> **Prompt**:
Leave the pictures out. Return all other data exactly.

(Saved data entries)
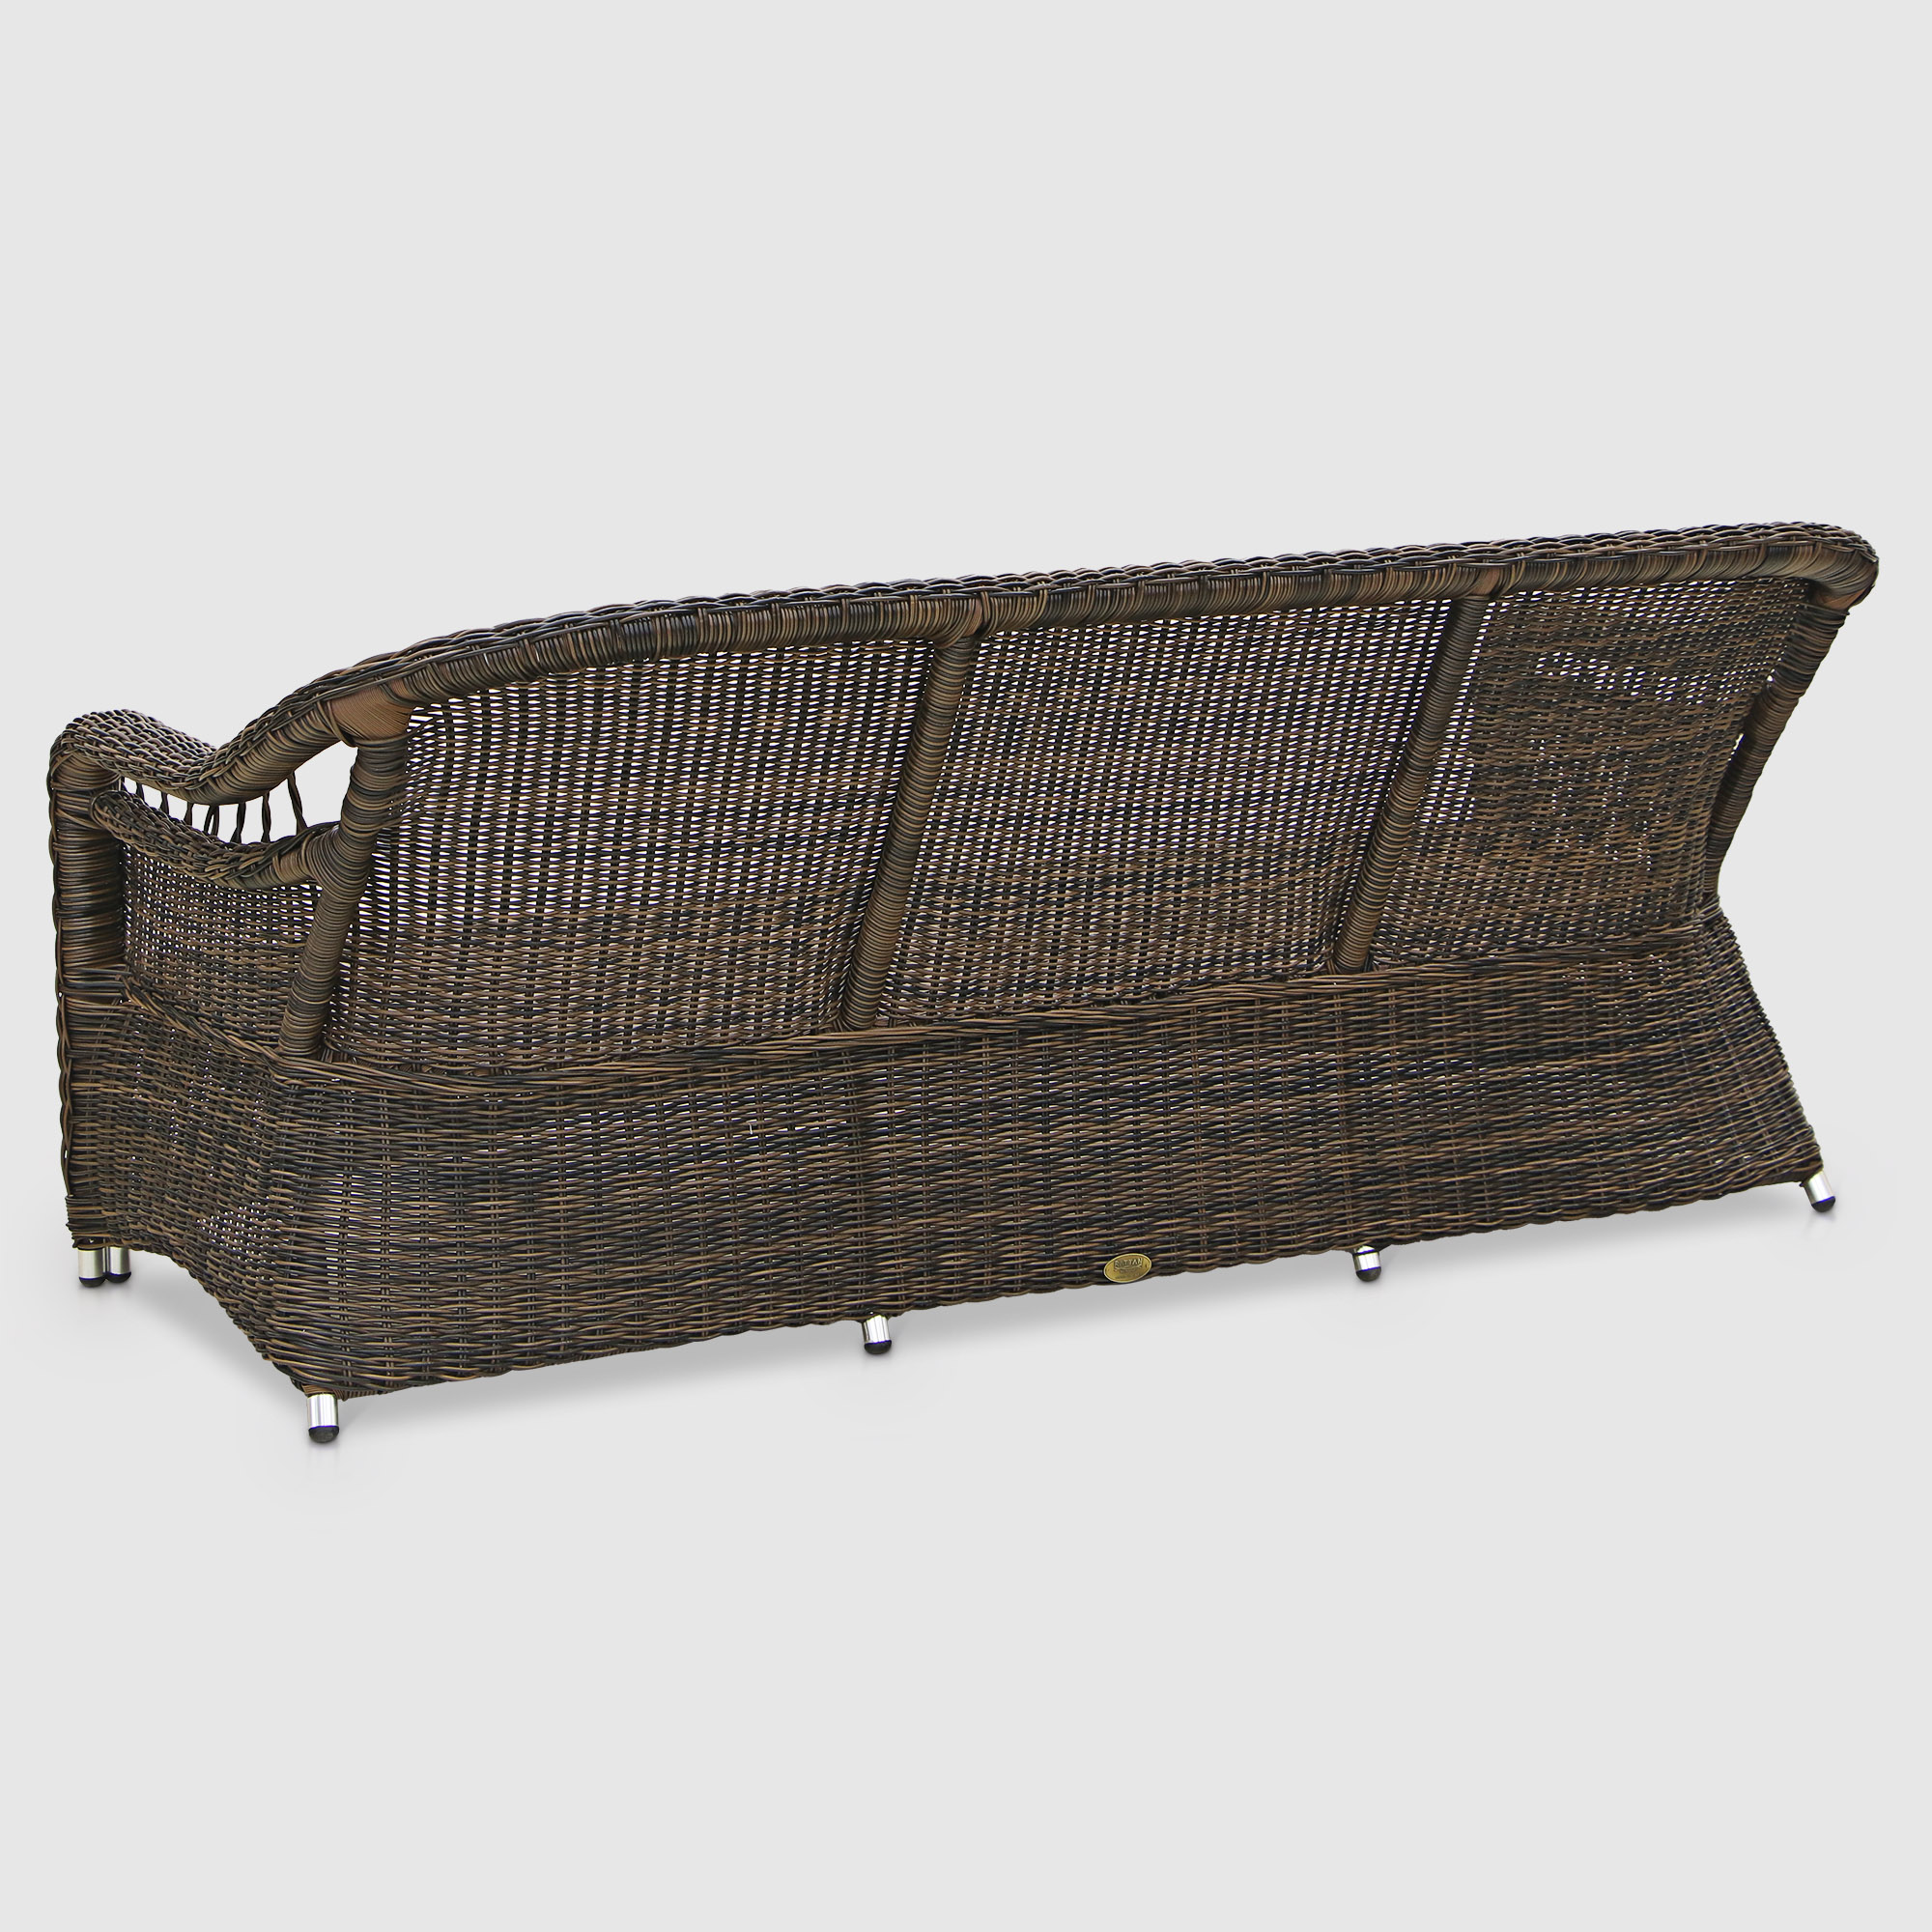 Комплект мебели NS Rattan Sky коричневый с бежевым 4 предмета, цвет бежевый, размер 180х78х78 - фото 6
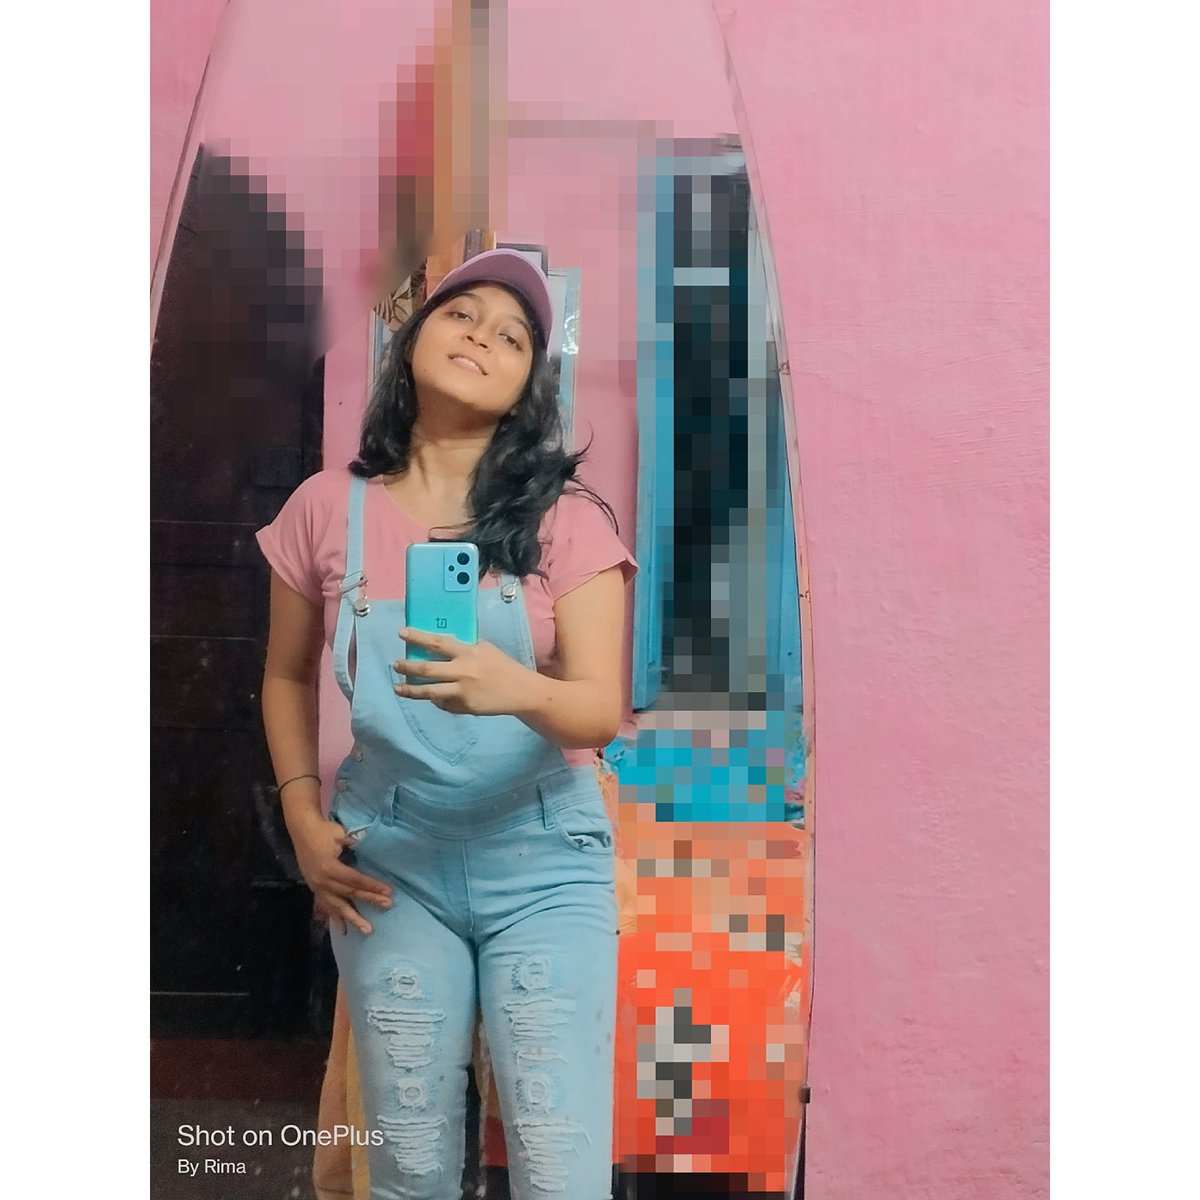 Mirror selfie's game is on pointtt! 🪞🤳🏽
.
.
.
.
.
#mirrorselfie #mirrors #mirrorselfie📷 #mirrorpic #mirror #pose #instagood #instadaily #instagram #instalike #instafaishon #instagramindia #fetured #explore #viralpost #fyp #followforfollowback
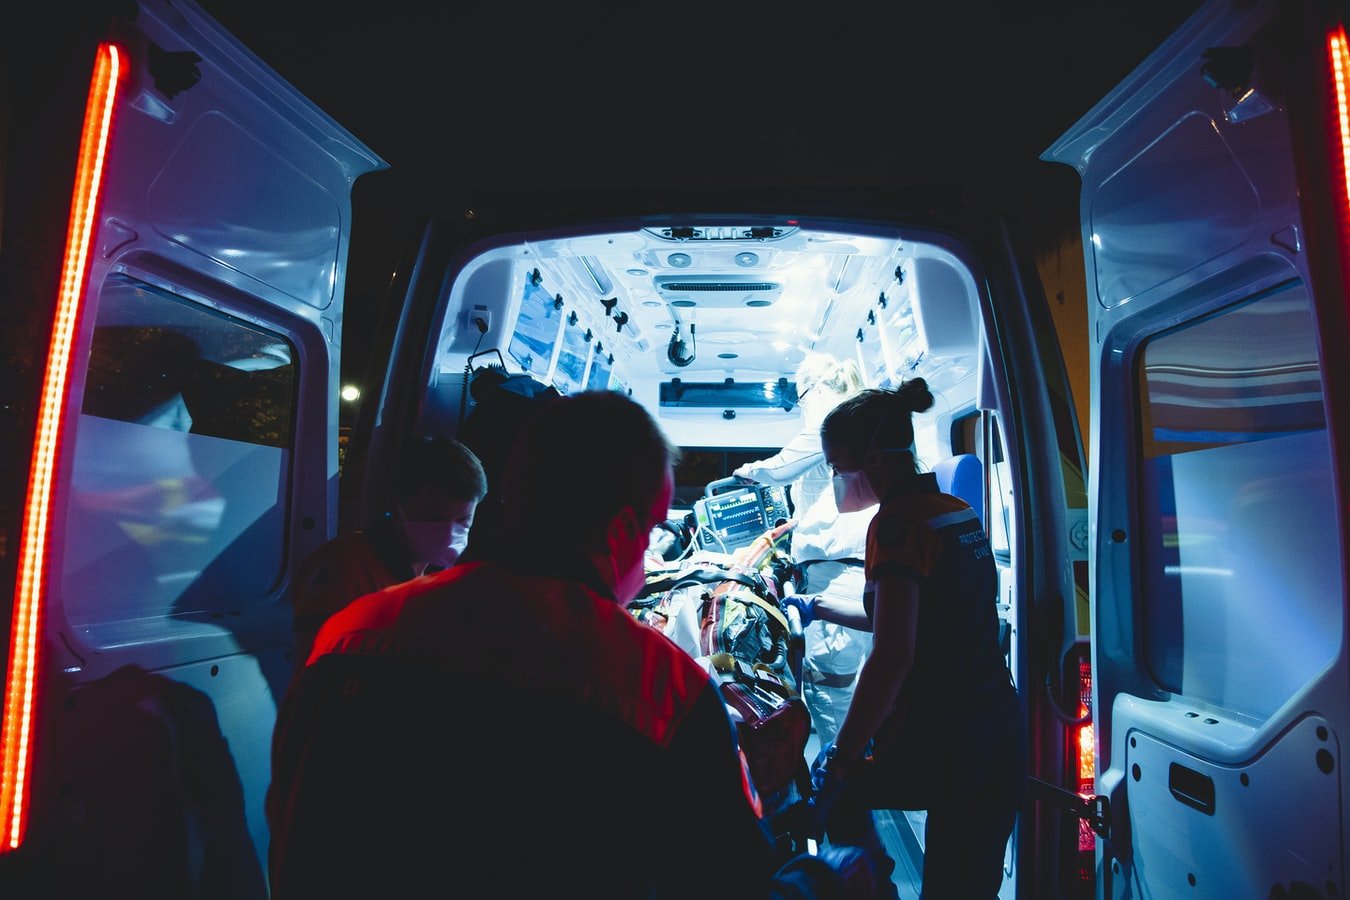 In the ambulance | Source: Unsplash

> **Response below**:
 Комплект мебели NS Rattan Sky коричневый с бежевым 4 предмета, цвет бежевый, размер 180х78х78 - фото 6
 Mirror selfie's game is on pointtt! 🪞🤳🏽
.
.
.
.
.
#mirrorselfie #mirrors #mirrorselfie📷 #mirrorpic #mirror #pose #instagood #instadaily #instagram #instalike #instafaishon #instagramindia #fetured #explore #viralpost #fyp #followforfollowback
 In the ambulance | Source: Unsplash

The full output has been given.